* [WHAT THIS TASK INVOLVES]: Return exactly the lines of the data below, from the one that contains "adapter wire harness" through the final line, and leave out every picture.

* [MATERIAL PROVIDED]:

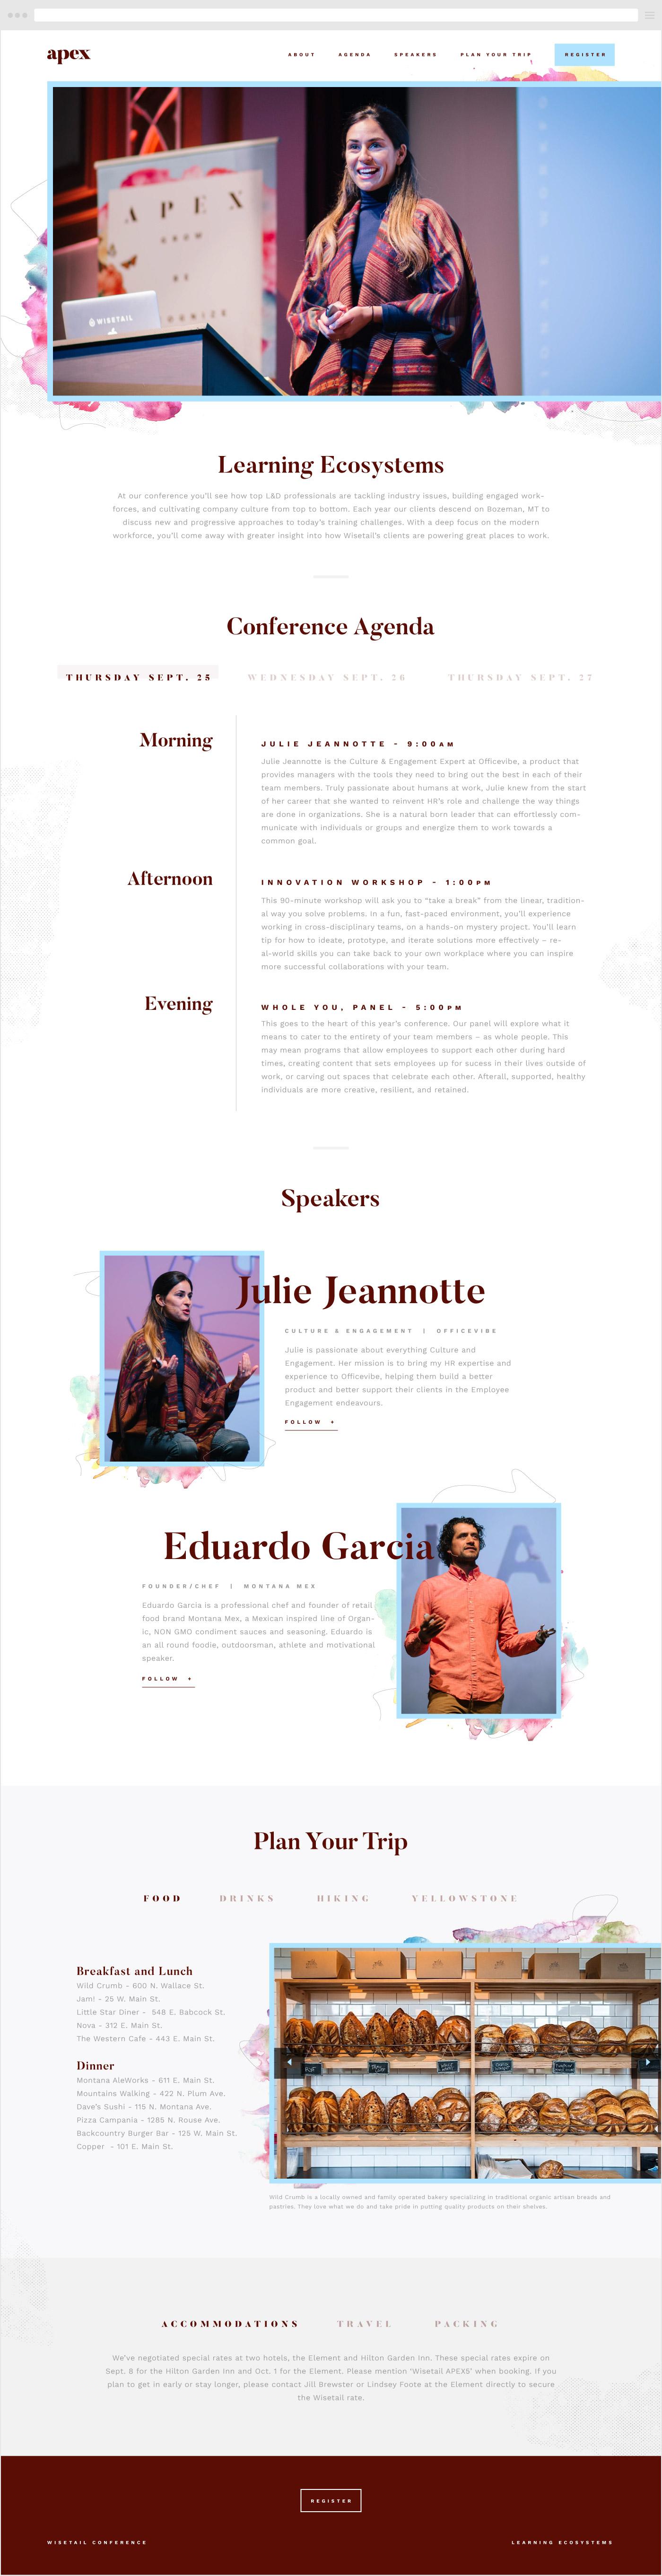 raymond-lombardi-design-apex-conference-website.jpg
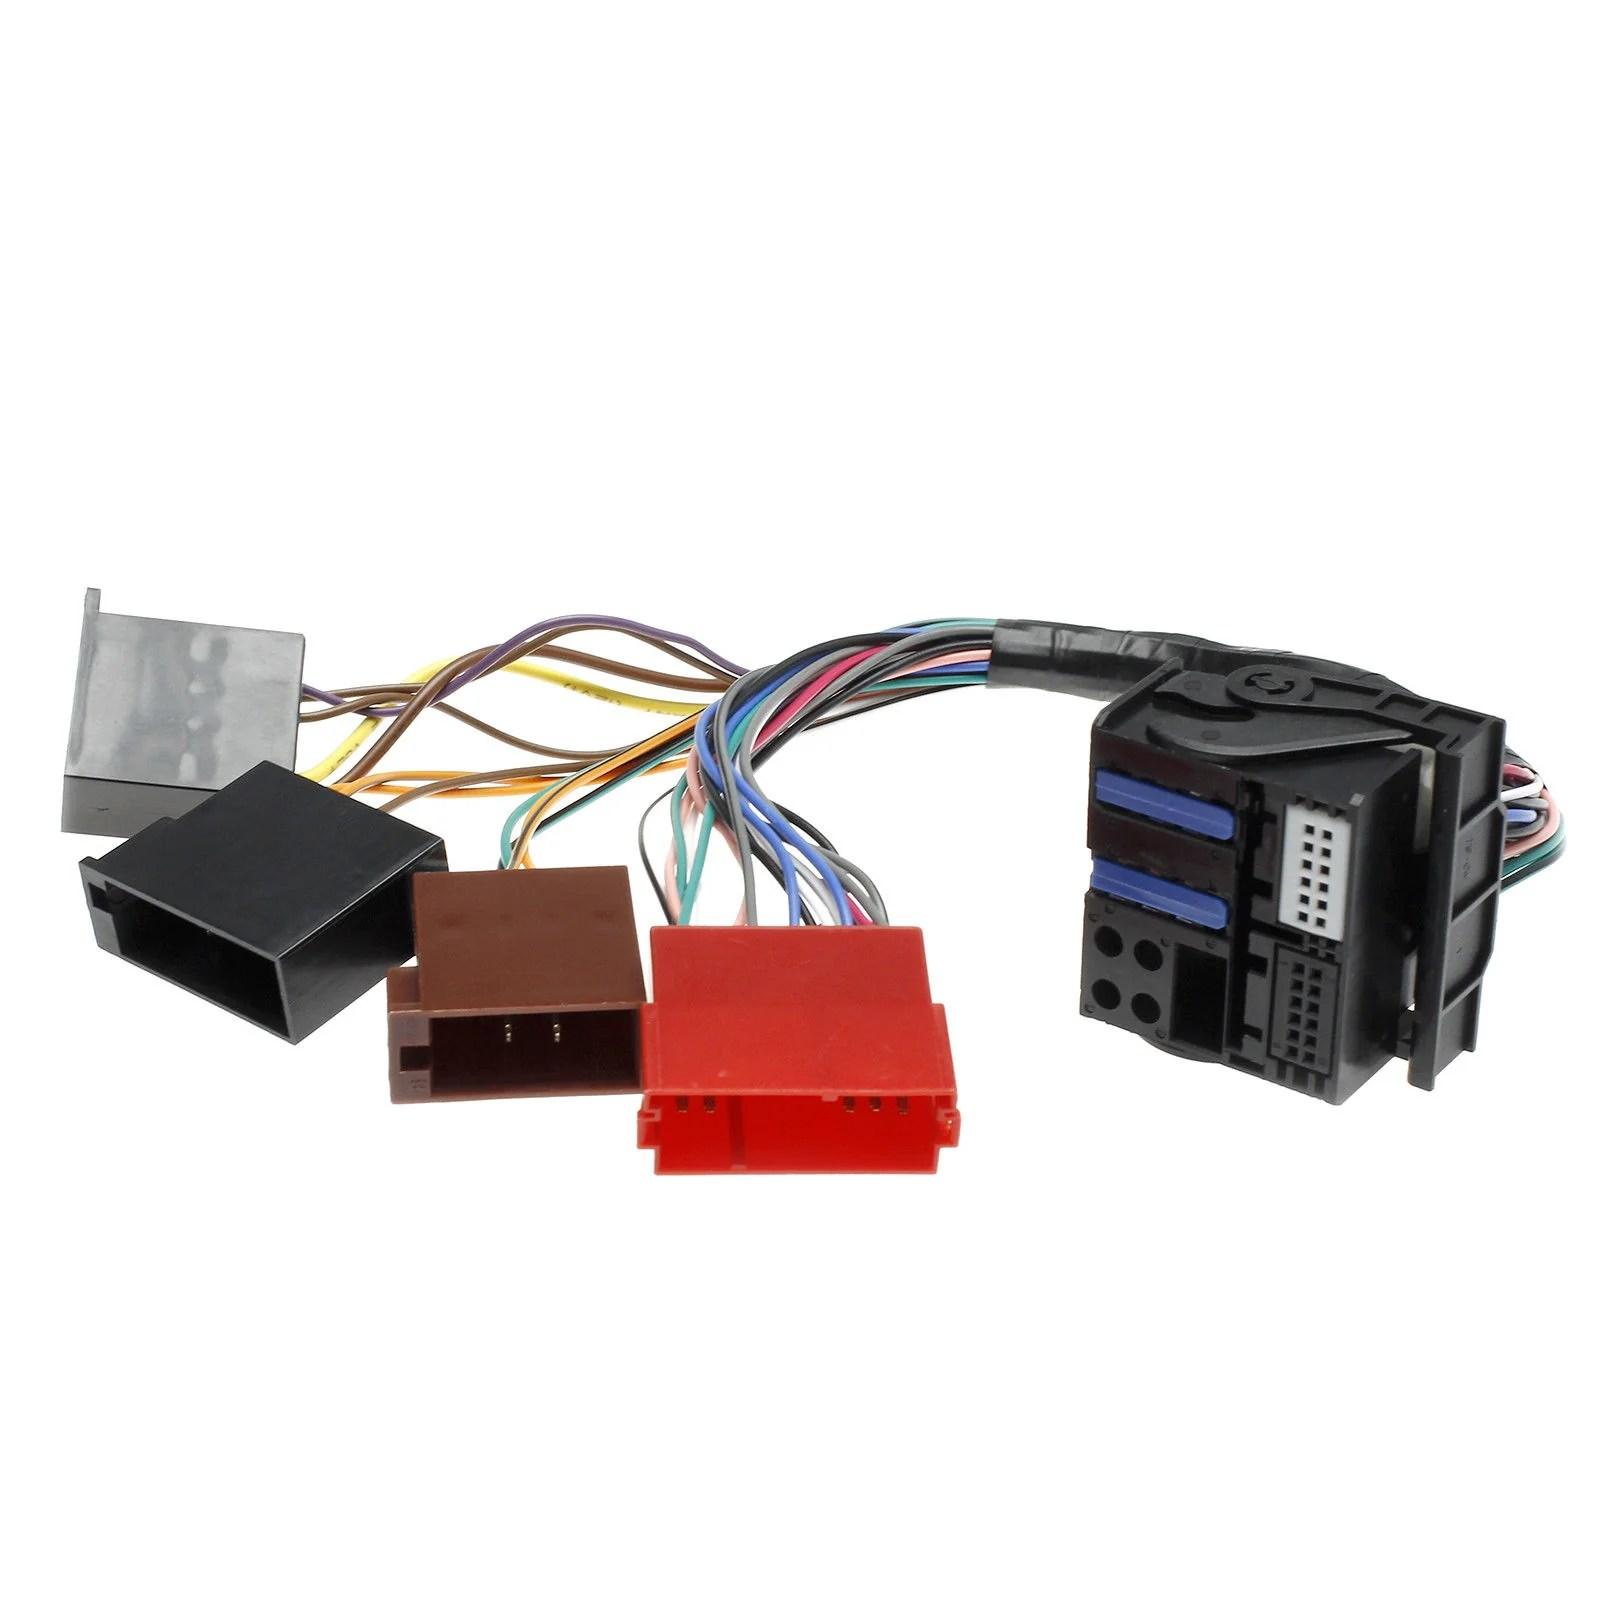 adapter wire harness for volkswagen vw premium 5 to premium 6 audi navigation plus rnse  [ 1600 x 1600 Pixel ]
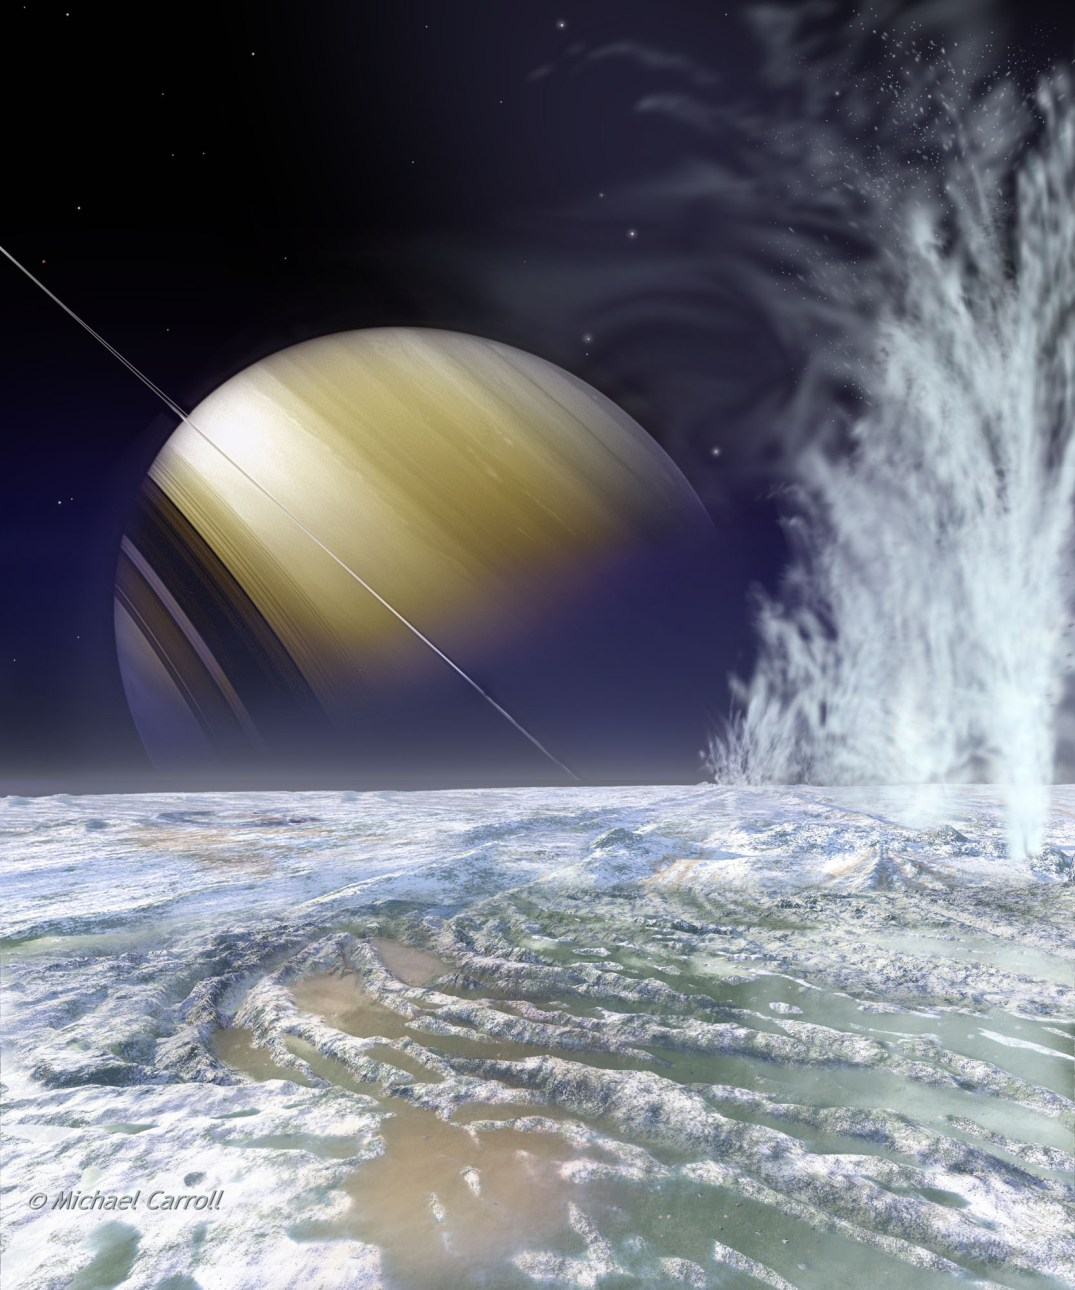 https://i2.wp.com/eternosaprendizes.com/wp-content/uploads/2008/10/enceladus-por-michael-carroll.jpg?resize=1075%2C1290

* [WRITTEN RESPONSE]:
 adapter wire harness for volkswagen vw premium 5 to premium 6 audi navigation plus rnse  [ 1600 x 1600 Pixel ]
 https://i2.wp.com/eternosaprendizes.com/wp-content/uploads/2008/10/enceladus-por-michael-carroll.jpg?resize=1075%2C1290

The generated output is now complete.